== Information provided ==

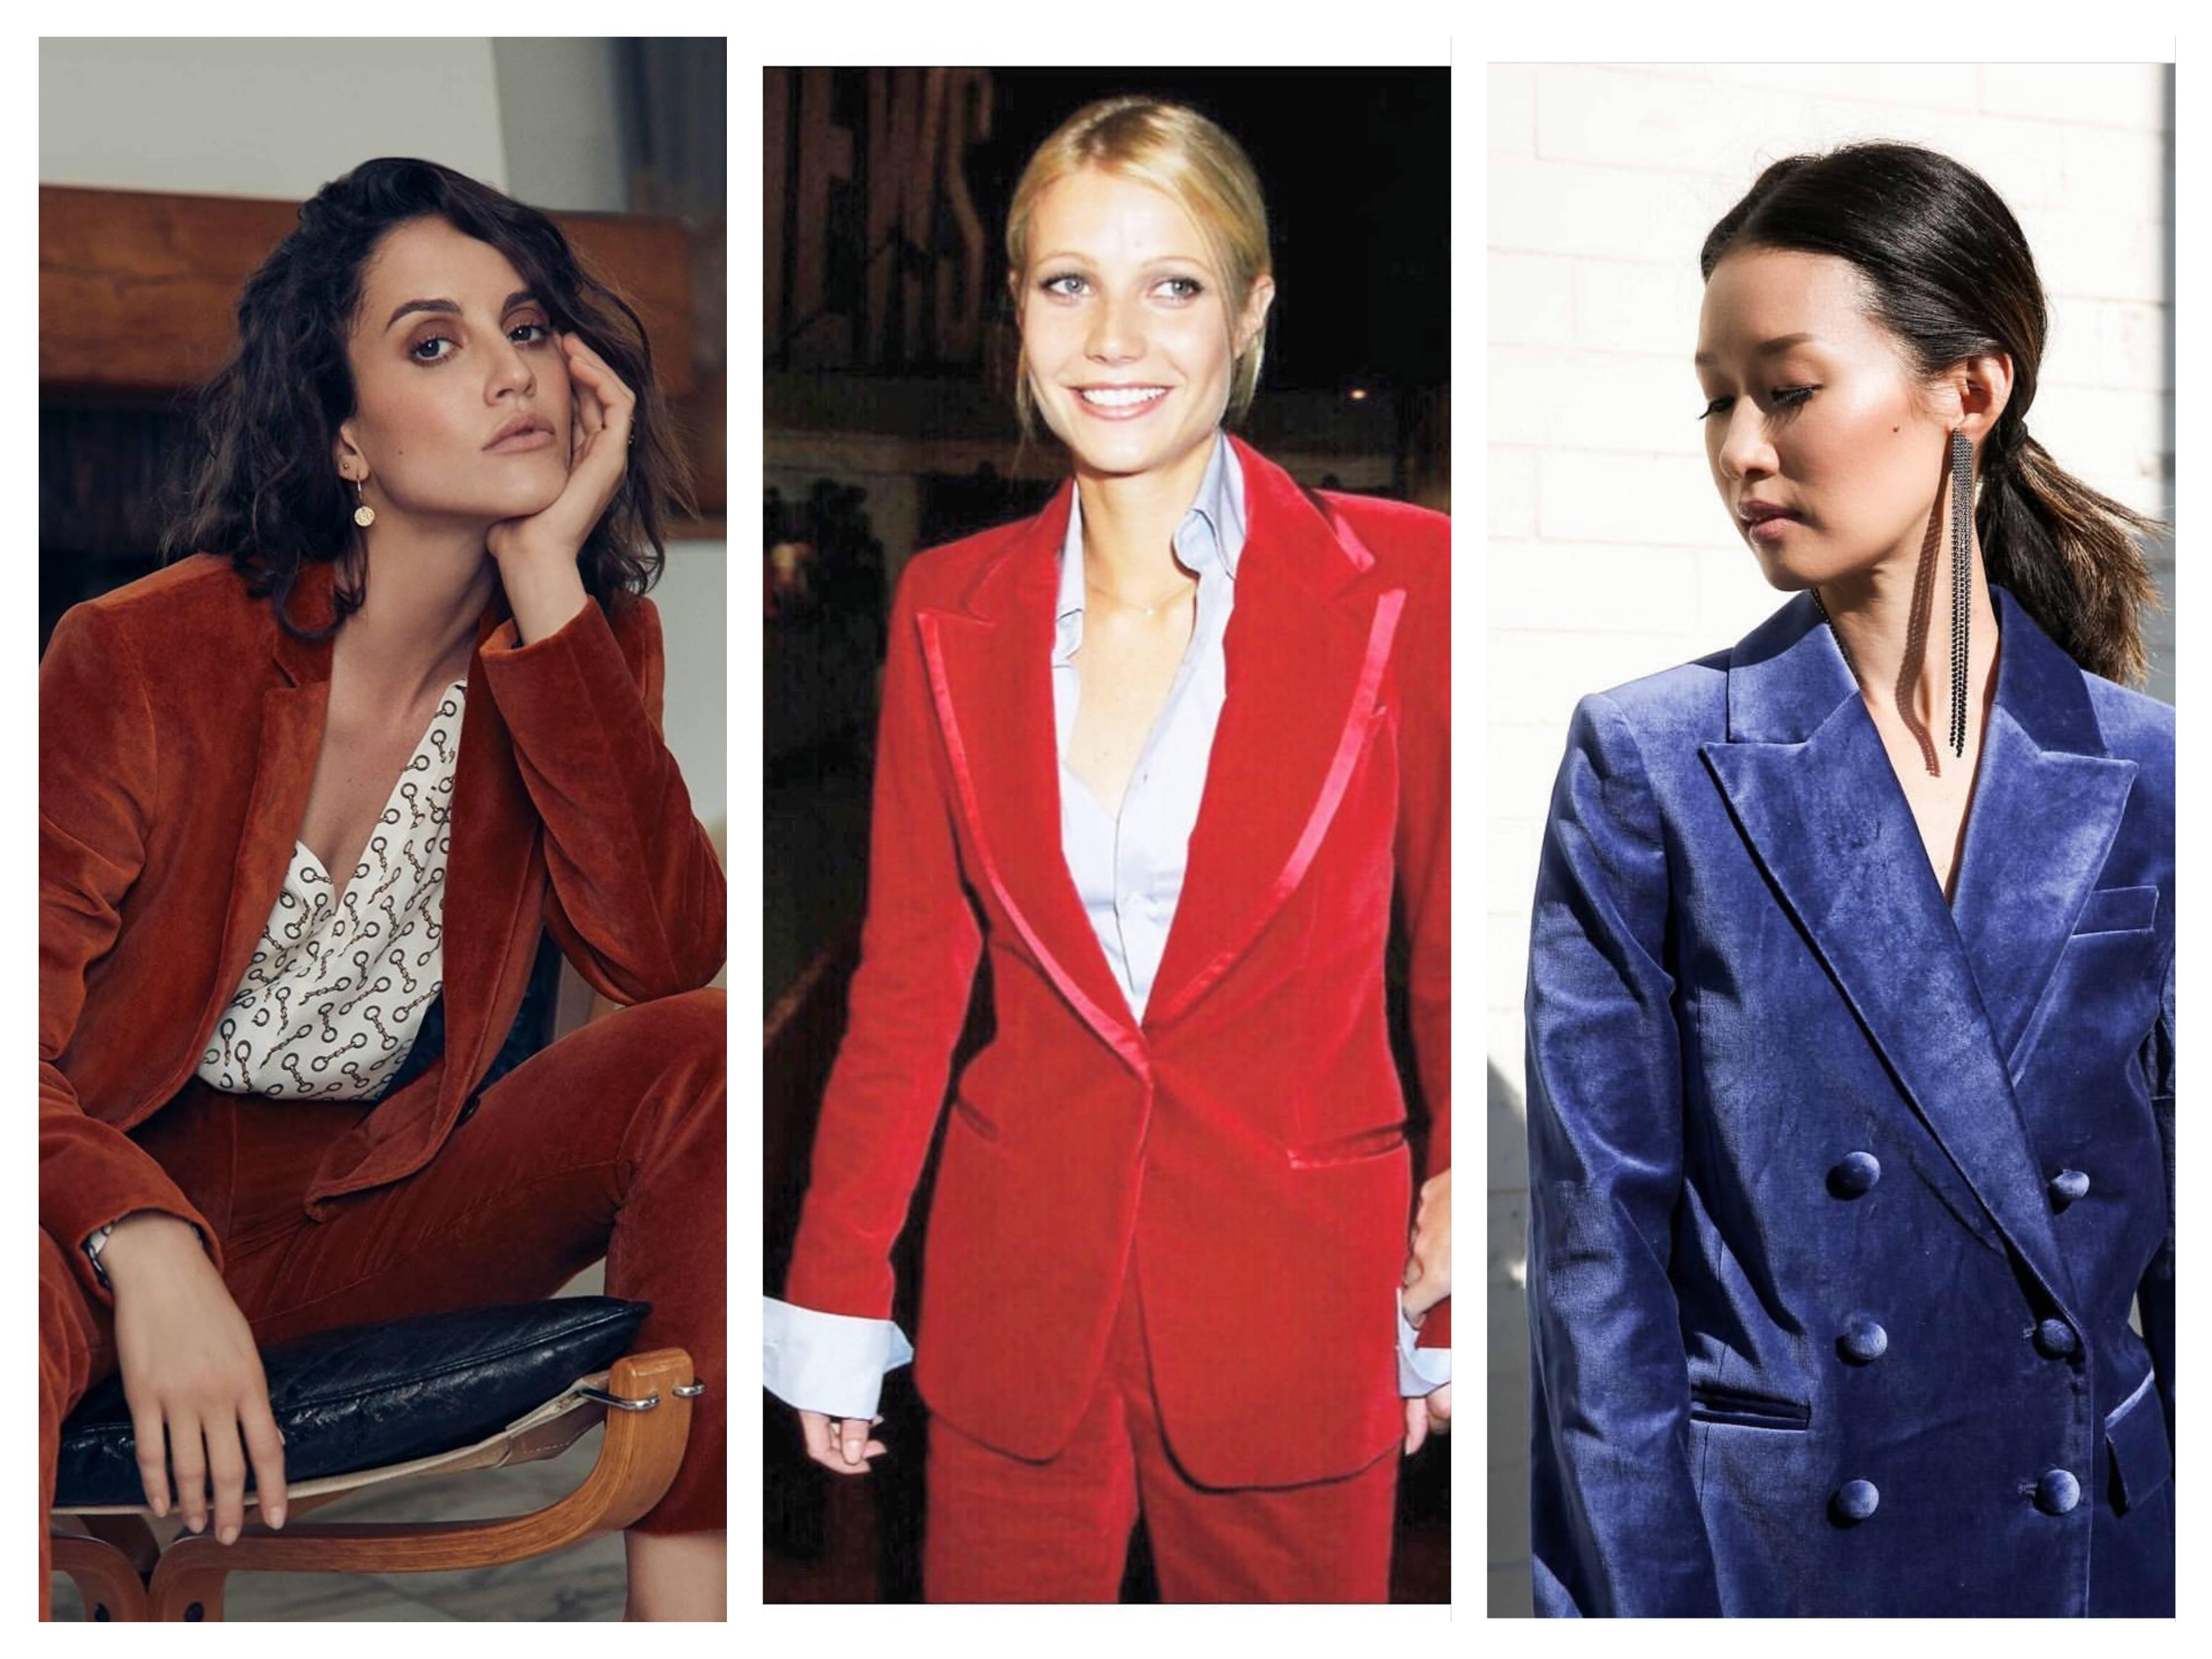 вечеринка что надеть нарядны модно как одеться на корпоратив як вдягнутися святково
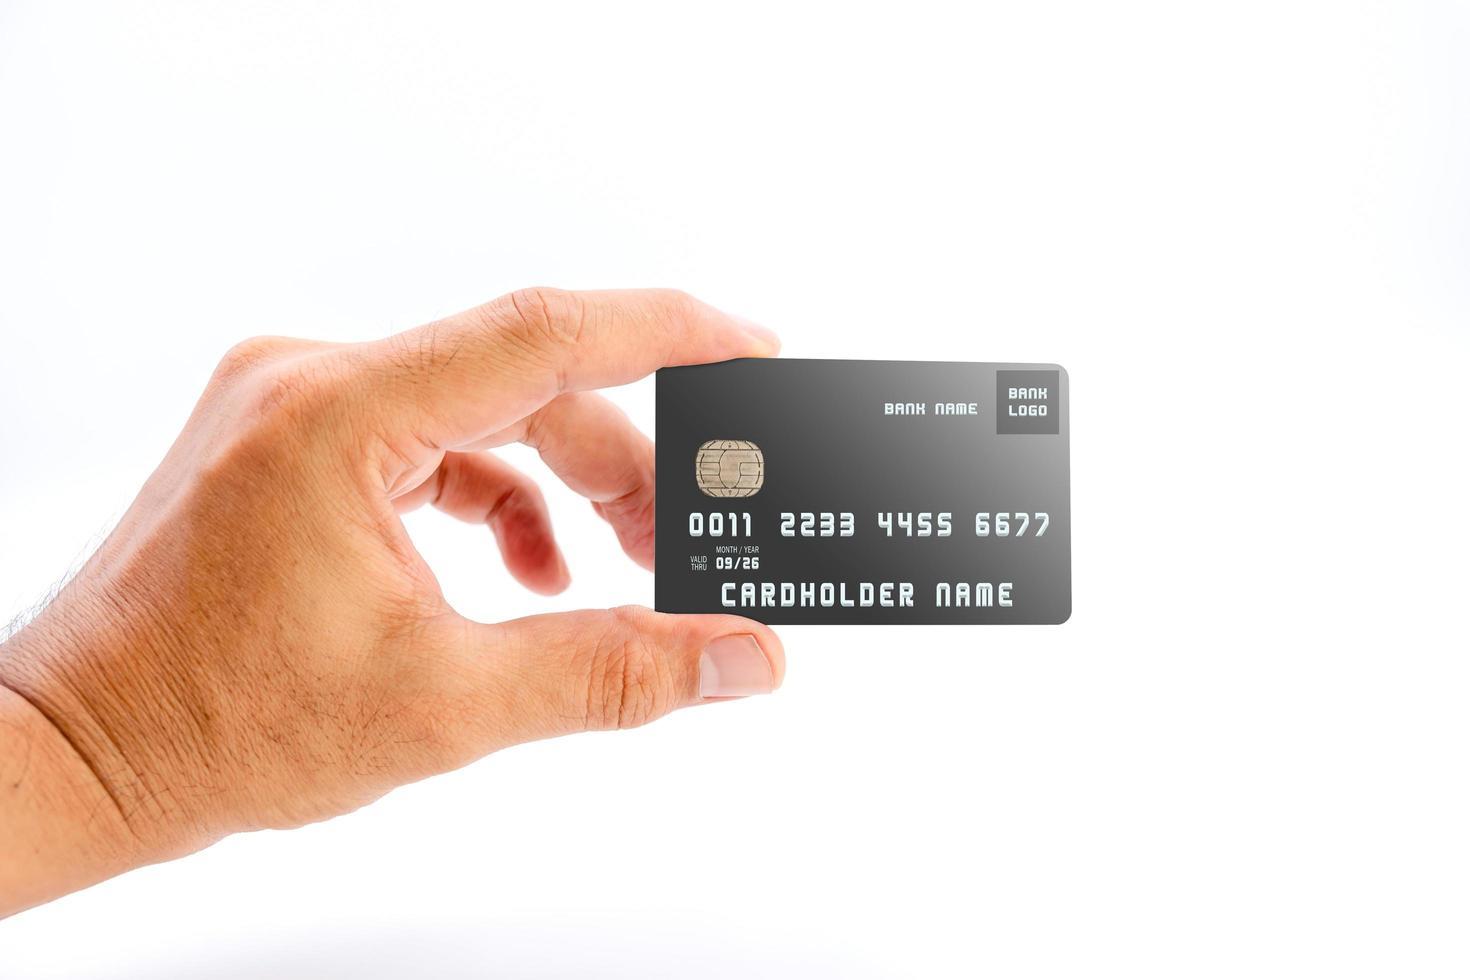 Mano humana sosteniendo tarjeta de crédito bancaria de color negro sobre fondo blanco. foto
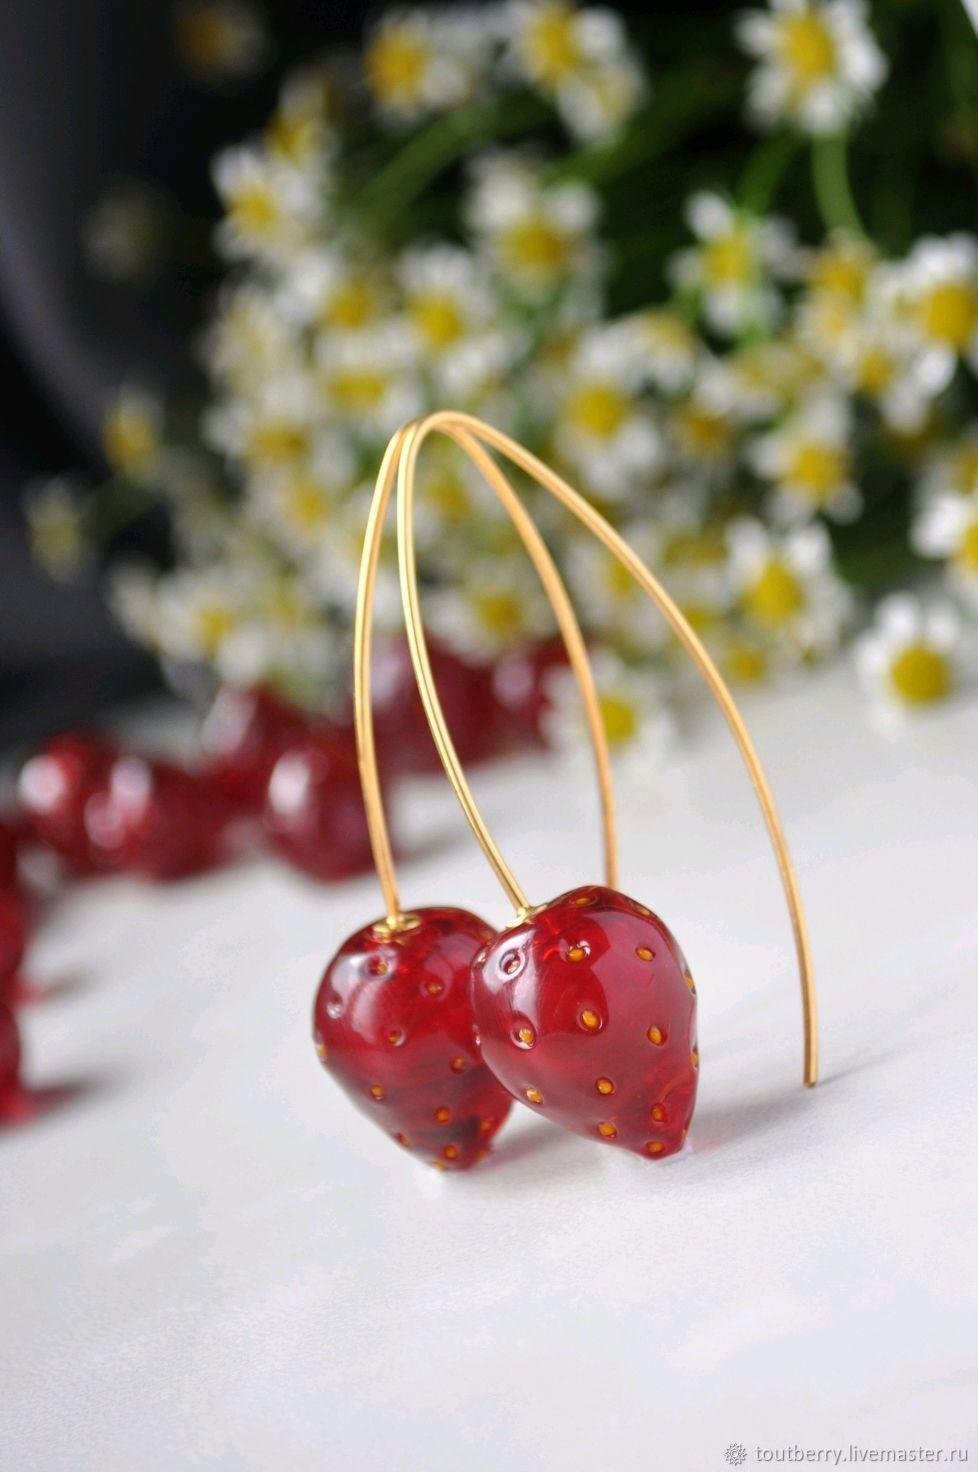 Strawberry earrings - long earrings, Earrings, Moscow,  Фото №1
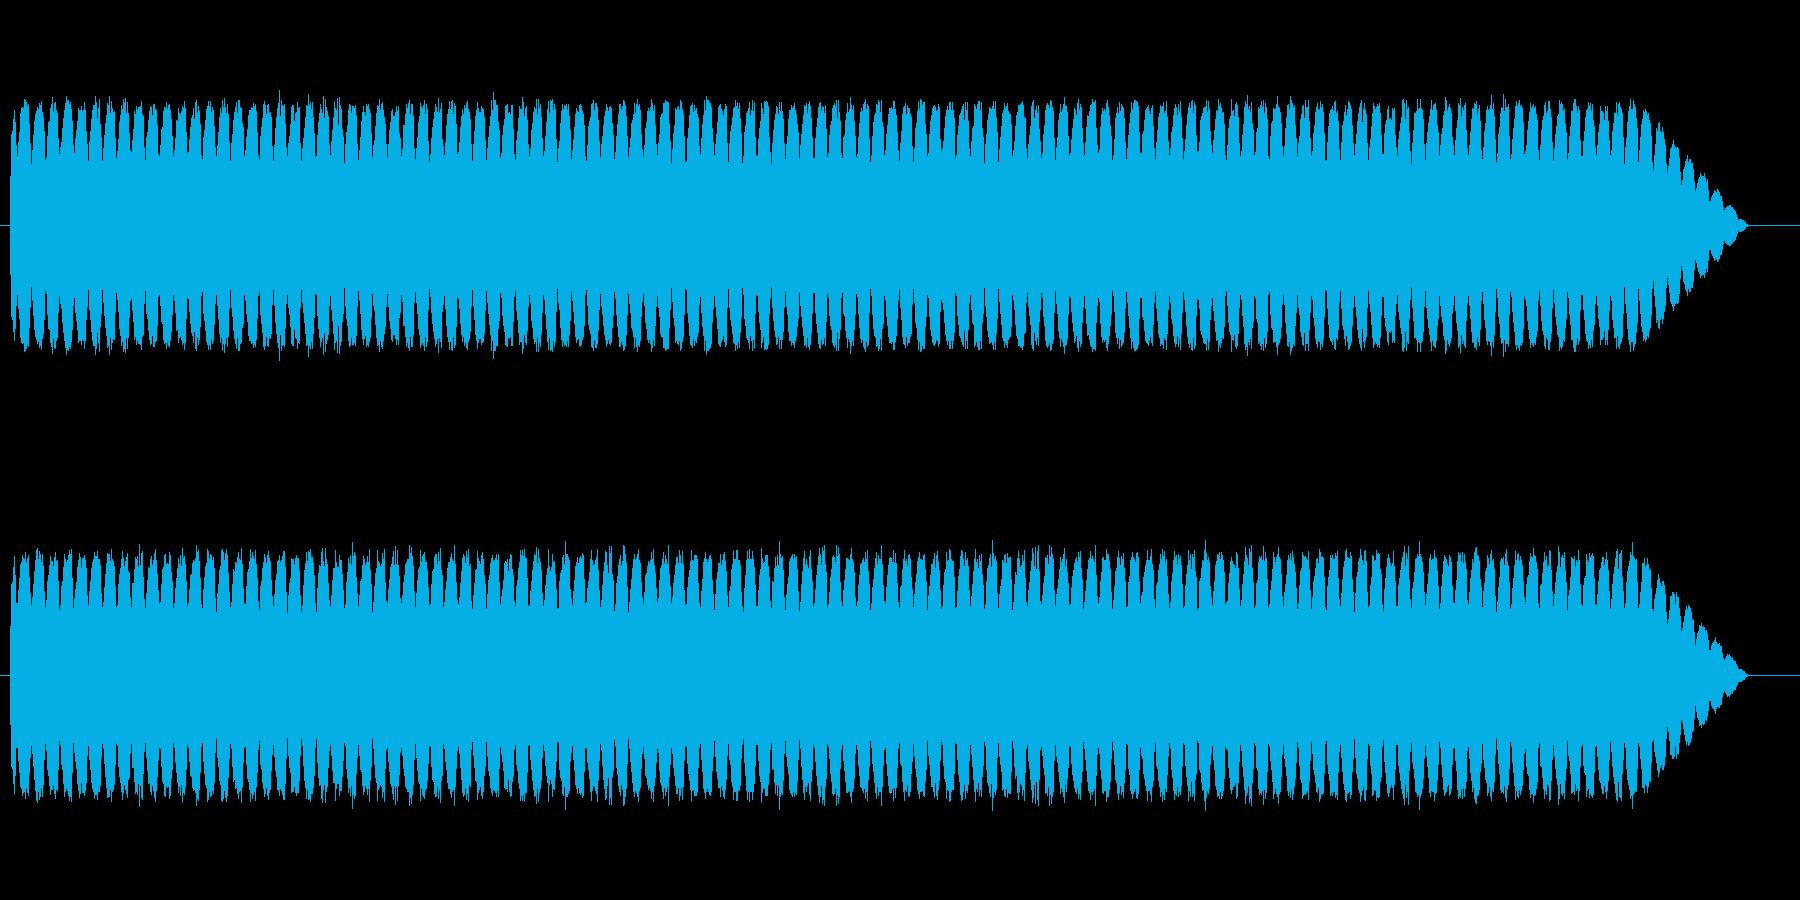 アメパトのサイレンの再生済みの波形

===

Problem description – Copy the data above word for word. Pictures stay out.

Solution to the exercise –
 вечеринка что надеть нарядны модно как одеться на корпоратив як вдягнутися святково
 Mano humana sosteniendo tarjeta de crédito bancaria de color negro sobre fondo blanco. foto
 Strawberry earrings - long earrings, Earrings, Moscow,  Фото №1
 アメパトのサイレンの再生済みの波形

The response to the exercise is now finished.